Question

Performance enhancements with UpdateDetector and FeatureMerger

6 years ago
23 April 2018
7 replies
13 views

cj
19 replies

I have a workbench that has to process about 600,000 lines and apply updates to a master dataset (.gdb). The attached workbench is a very small sample of what has to be completed. The main issue I am running into is the update detector is extremely slow. A sample run of about 1000 lines took just over 2 hours. So any suggestions of things I can do to speed it up would be much appreciated.

I have also found that when I try to run the whole the workbench with the complete dataset the FeatureMerger rejects the suppliers with the rejection code EXTRA_REFERENCEE_FEATURE. This only seems to occur when the number of suppliers gets quite large. I have seen this same rejection code mentioned in reference to duplicates but I don't have any duplicates in the complete supplier dataset.

Any help on either issues would be much appreciated.

Sample of bench

Pic of whole bench

7 replies

+16

bruceharold
Contributor
325 replies
6 years ago
23 April 2018

As you're dealing with polyline data in GDB then at the risk of the Safe moderator's ire you might like to take a look at Esri's own Detect Feature Changes tool:

cj
Author
19 replies
5 years ago
24 April 2018

As you're dealing with polyline data in GDB then at the risk of the Safe moderator's ire you might like to take a look at Esri's own Detect Feature Changes tool:

thanks @bruceharold, fair point, but unfortunately not all inputs are GDB polylines.

Userlevel 4

+13

fmelizard
Contributor
3726 replies
5 years ago
27 April 2018

I'm surprized 1000 lines would take that long.

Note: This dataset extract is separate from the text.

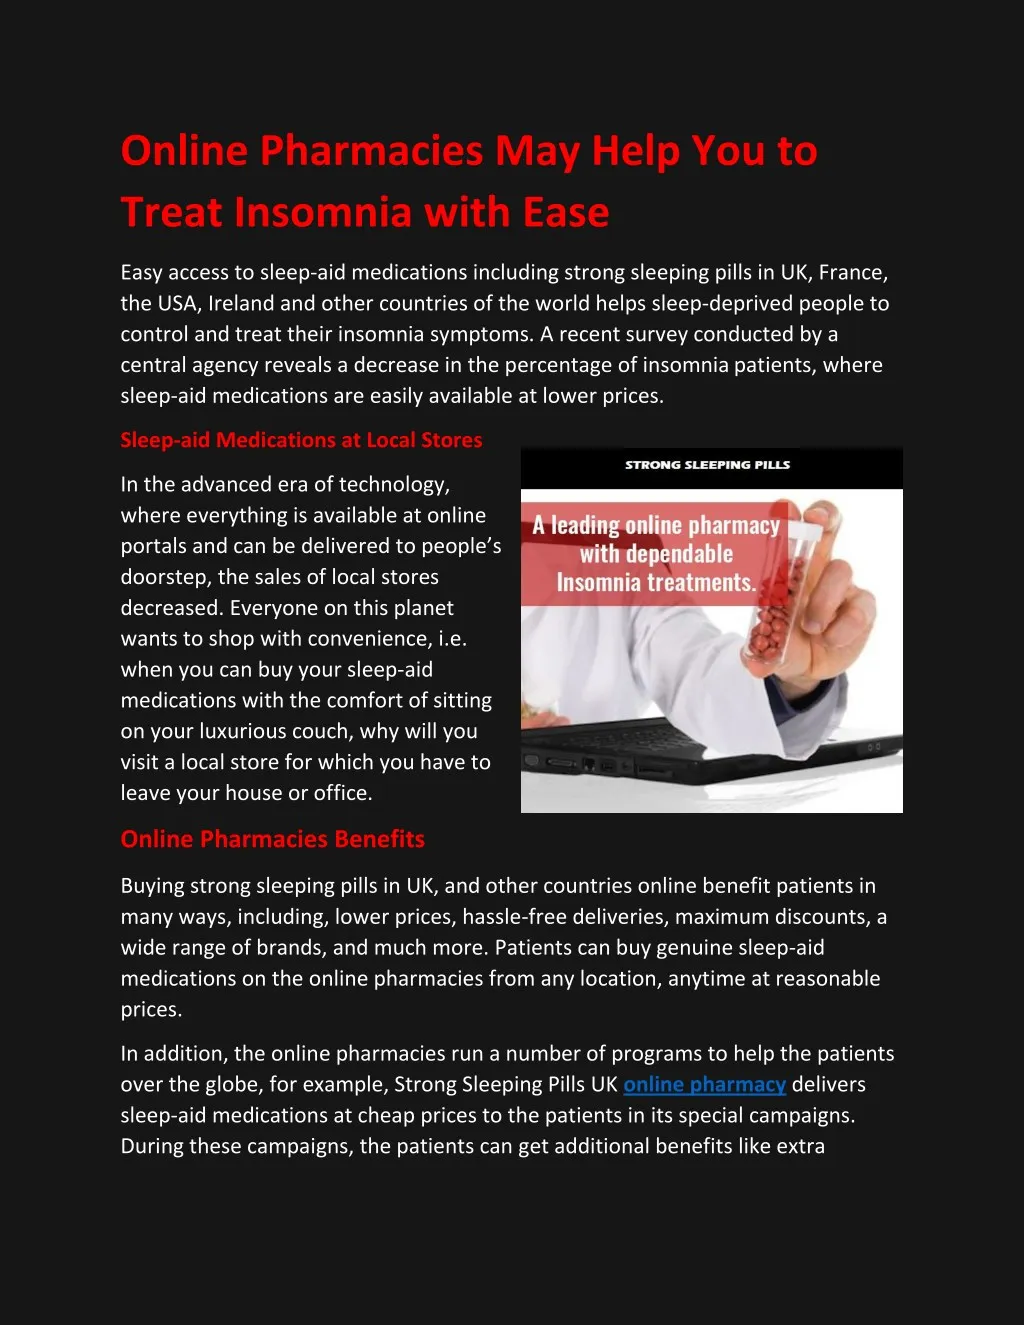 online pharmacies may help you to treat insomnia

Any chance you could send us in a sample so we could examine (via support@safe.com or to this forum)?

Without checking into your workflow, if there was any way to use the new FeatureJoiner to reduce the amount of data going into the UpdateDetector, that might help. FeatureJoiner is drastically faster than FeatureMerger, with a different model for doing the work but in practice most FeatureMerger problems can be expressed using a FeatureJoiner (if you have FME 2018 handy)

@cj You might try using CRCCalculator as described here.

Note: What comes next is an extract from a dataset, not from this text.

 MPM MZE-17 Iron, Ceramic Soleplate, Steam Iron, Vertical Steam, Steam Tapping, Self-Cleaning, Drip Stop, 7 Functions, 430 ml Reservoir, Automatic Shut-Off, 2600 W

If you are matching geometry for your updates then reducing the geometry to a single CRC code attribute value allows you to use attribute match instead of a geometry match - which is generally more efficient.

cj
Author
19 replies
5 years ago
1 May 2018

@cj You might try using CRCCalculator as described here.

Thanks @MarkAtSafe. I am already using a CRC code for the geometry matching as you describe. I am extracting the true geometry to the _geom attribute, then rounding the coordinates before creating a geometry only CRC.

cj
Author
19 replies
5 years ago
1 May 2018

I'm surprized 1000 lines would take that long. Any chance you could send us in a sample so we could examine (via support@safe.com or to this forum)?

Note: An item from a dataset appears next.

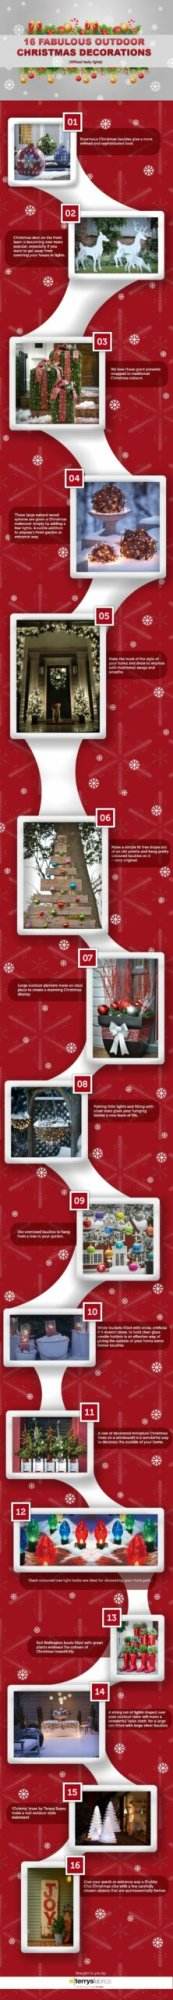 16 Fantastic Outdoor Christmas Decorations (Infographic)

Thanks @daleatsafe. I need to take a look at the FeatureJoiner, as that sounds like a good option. As I was using the CRC code as the join key / key attribute in both the FeatureMerger and then the UpdateDetector I figured (and tested) that any features that exited the FeatureMerger through the Unmerged-requestor port did not need to go to the UpdateDetector as it is performing the same match, which will fail, so it will exit via the Insert port. So these features i by-passed the UpdateDetector - which improved the performance a bit.

cj
Author
19 replies
5 years ago
1 May 2018

Thanks for your suggestions @bruceharold, @MarkAtSafe, and @daleatsafe. I found some significant performance improvements by creating a CRC code based on the selected attributes I was wanting to compare only. I created this CRC code between the FeatureMerger and the UpdateDetector. Therefore in the UpdateDetector I could use the geometry based CRC field as the key feature and check for updates only in the geom CRC field and the attribute CRC field. So it was only having to check two fields instead 60+ fields that the full dataset had. That plus by-passing the UpdateDetector for all features that exited the FeatureMerger from the Unmerged-requestor port, got the processing time down from 2+ hours to 3 minutes for about 1000 lines. Would still like to look into the FeatureJoiner as that sounds like it could improve things further.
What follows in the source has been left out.